The International Centre for Trade and Sustainable Development in Geneva has published a detailed review which includes a summary of the Environment and Labour chapters of the CETA . The article points out a departure from past trade agreements such as NAFTA: disputes under the Environment or Labour chapters cannot be initiated by civil society, but only by a government- to -government mechanism specifically defined in each chapter. See “Unpacking the EU Canada Free Trade Deal” in Bridges (Nov. 3).
On October 24, members of the European Union reached agreement on new emissions targets for 2030: 40% cuts to greenhouse gas emissions, 27% target for the renewable energy market share and, an optional target of 27% increase for energy efficiency improvement. The EU is holding up the agreement as a model for other countries in advance of the Paris climate talks of 2015, though like all politically-driven compromises, it has its critics. According to Greenpeace EU: “People across Europe want cleaner energy, but EU leaders are knocking the wind out of Europe’s booming renewables sector”, and from the European Green Party, “It is shameful that the council gave veto power against better goals to Poland on renewables, to France on interconnectors, and to the UK on efficiency. […] We used to have a polluter-pays-principle; now we’ve gotten a polluter-vetos-principle”.

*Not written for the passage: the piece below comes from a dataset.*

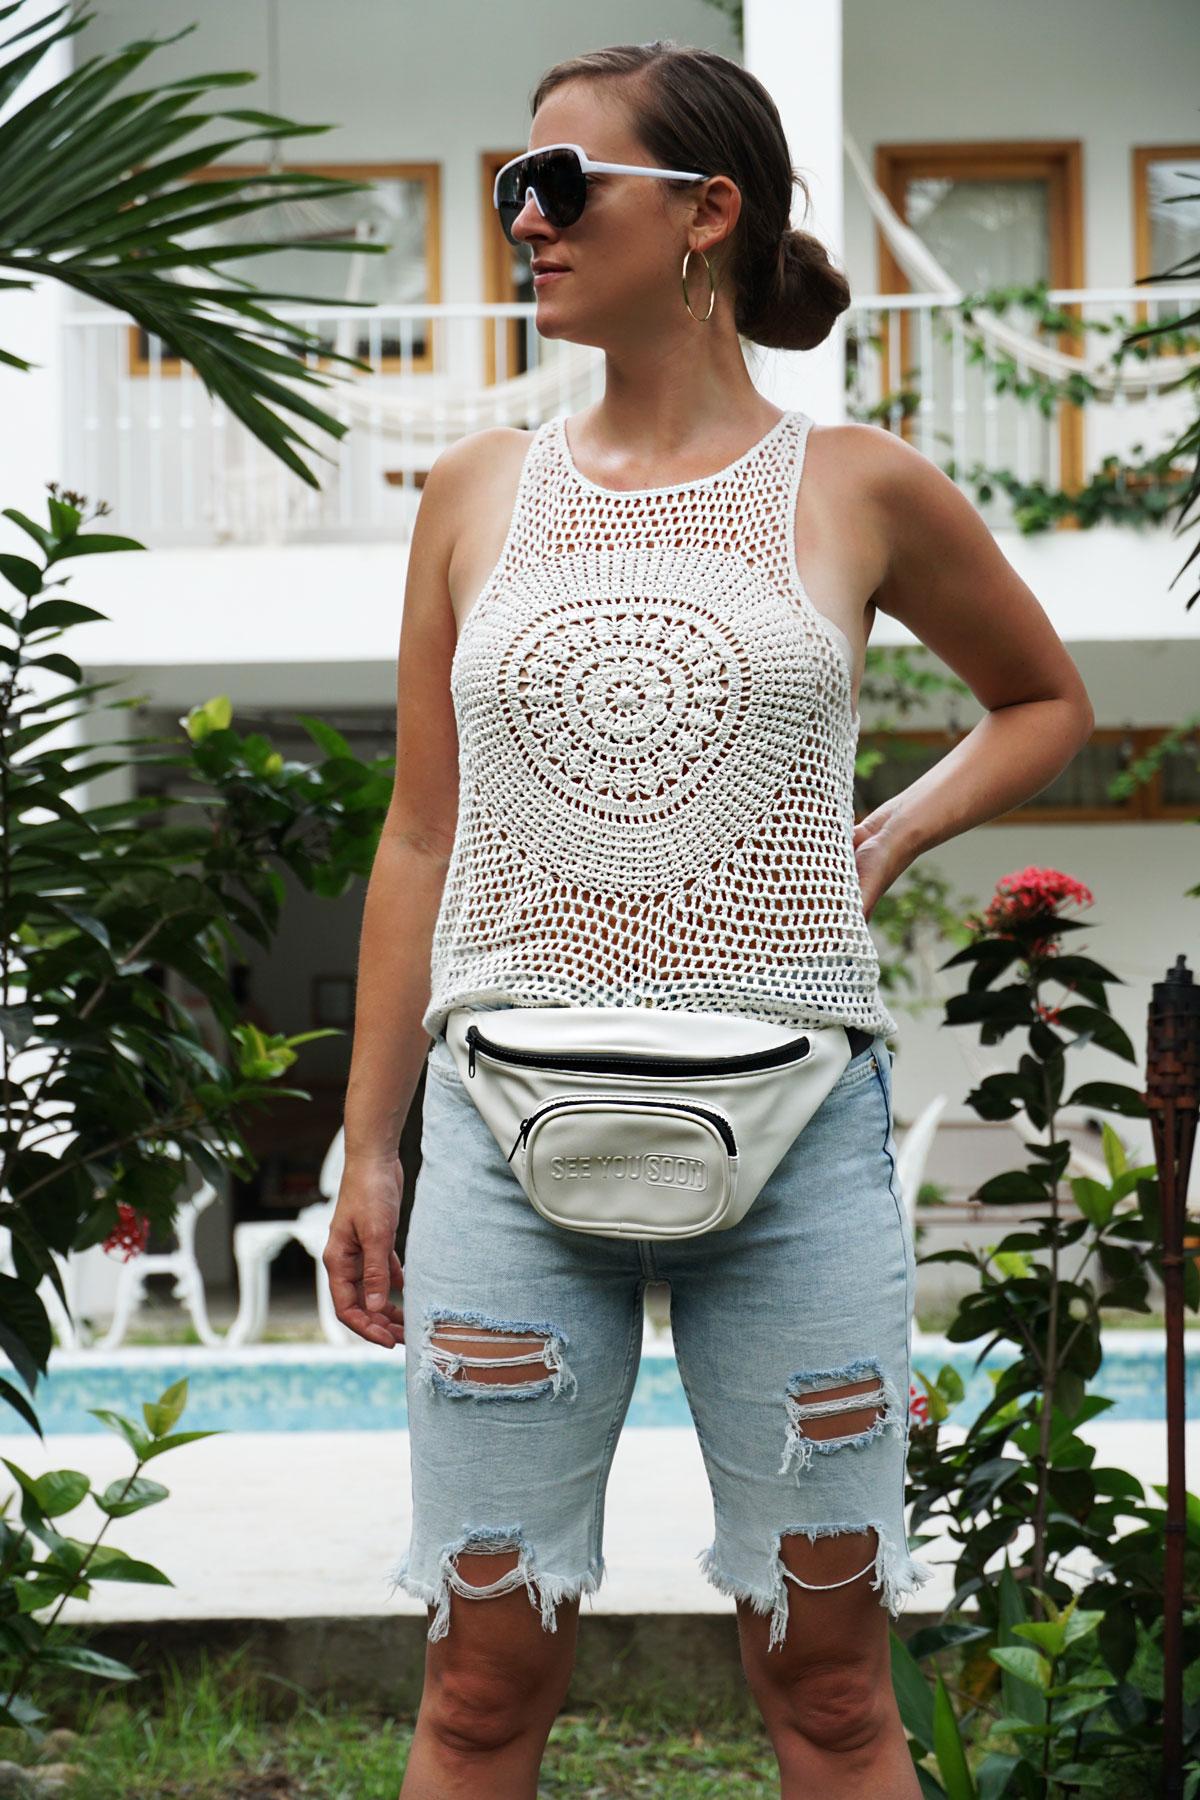 Andrea Steiner vom Mode Blog Strawberries 'n' Champagne aus der Schweiz trägt Denim Bermuda Hosen mit einem gestrickten Top, Bauchtasche und Plateau-Sneakers.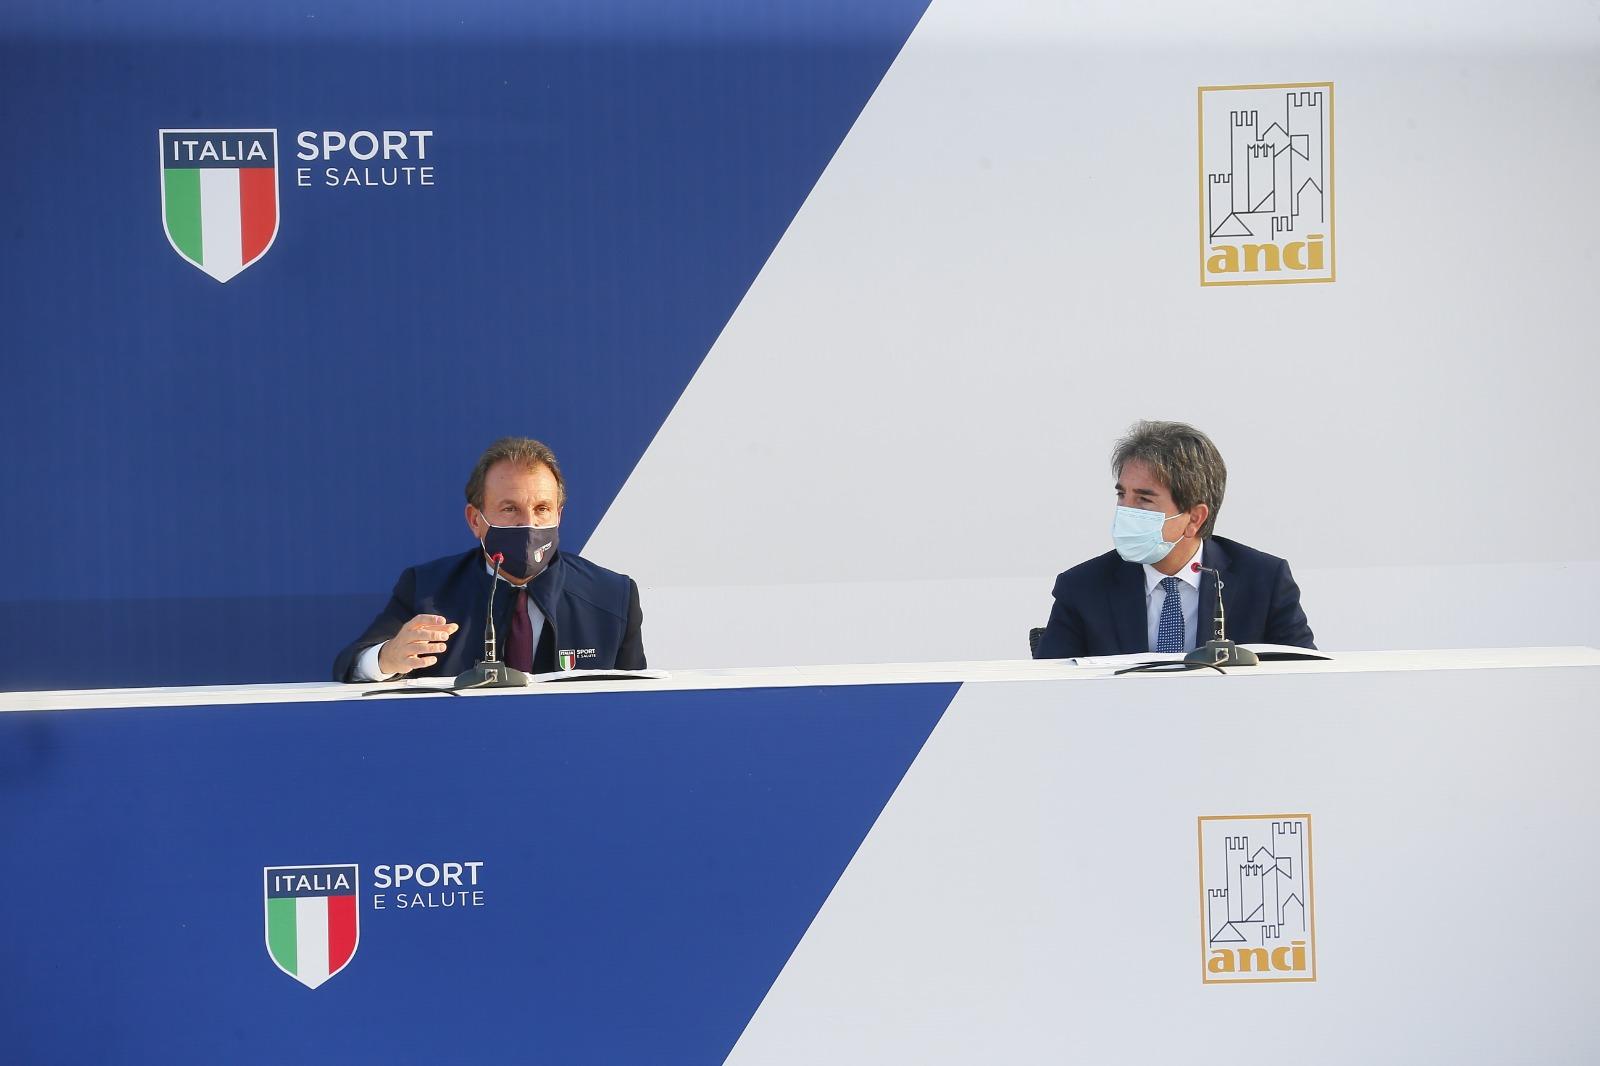 protocollo-sport-salute-anci-attivita-sportiva-parchi

After hard-fought negotiations, the members of the European Union finally agreed on January 22 to a compromise Framework proposal to cut greenhouse gas emissions by 40% by 2030, compared with 1990 levels, and a goal of producing 27% of all energy from renewable sources by 2030. The European carbon emissions trading system (EUTS) will be reformed, and the goal of improving energy efficiency by 25% by 2030 will be an “indicative target”, not legally binding. Fracking will also be governed by non-binding recommendations rather than regulation. Most significantly for Canada, the Fuel Quality Directive will not be renewed after its expiry in 2020 – a move away from the support of biofuels, and which might allow for Alberta oil to enter the European fuel supply chain. The Canadian government has lobbied actively for such a change.
Environmental groups disagree with the positive spin: according to the Friends of the Earth Europe, the negotiators “…seem to have fallen for the old-think industry spin that there must be a trade-off between climate action and economic recovery. This position completely ignores the huge financial cost of dealing with the impacts of climate change and the €500 billion the EU is spending every year on oil and gas imports”. (at: https://www.foeeurope.org/2030_climate_energy_plan_220114). About fracking, the FOE had this to say: “… attempts to regulate the fracking industry have been undermined by heavy corporate lobbying and pressure from certain member states intent on fracking their lands.” … “With the heavy support from José Manuel Barroso, the United Kingdom, Poland, and Romania have all played a leading role in undermining shale gas legislation, with allies Hungary, Lithuania, Czech Republic and Slovakia.” See https://www.foeeurope.org/shale_gas_framework_220114. An article in The Guardian (Jan. 14) offers a detailed analysis of the significant role played by the U.K. to weaken the fracking regulations (see at: http://www.theguardian.com/environment/2014/jan/14/uk-defeats-european-bid-fracking-regulations).
A study commissioned by the European Commission has concluded that Europe’s cap-and-trade program has not caused industry to relocate to countries without greenhouse gas regulation in a process known as “carbon leakage”. In a series of sectoral “factsheets”, the report presents historical data on the structure, performance, and competitiveness of sectors (including iron and steel, chemicals, paper, cement, refined petroleum) and assess the degree to which carbon leakage may have occurred. Although the study found that no companies left Europe for unregulated territory between 2005 and 2012, the authors indicate they suspect this may change.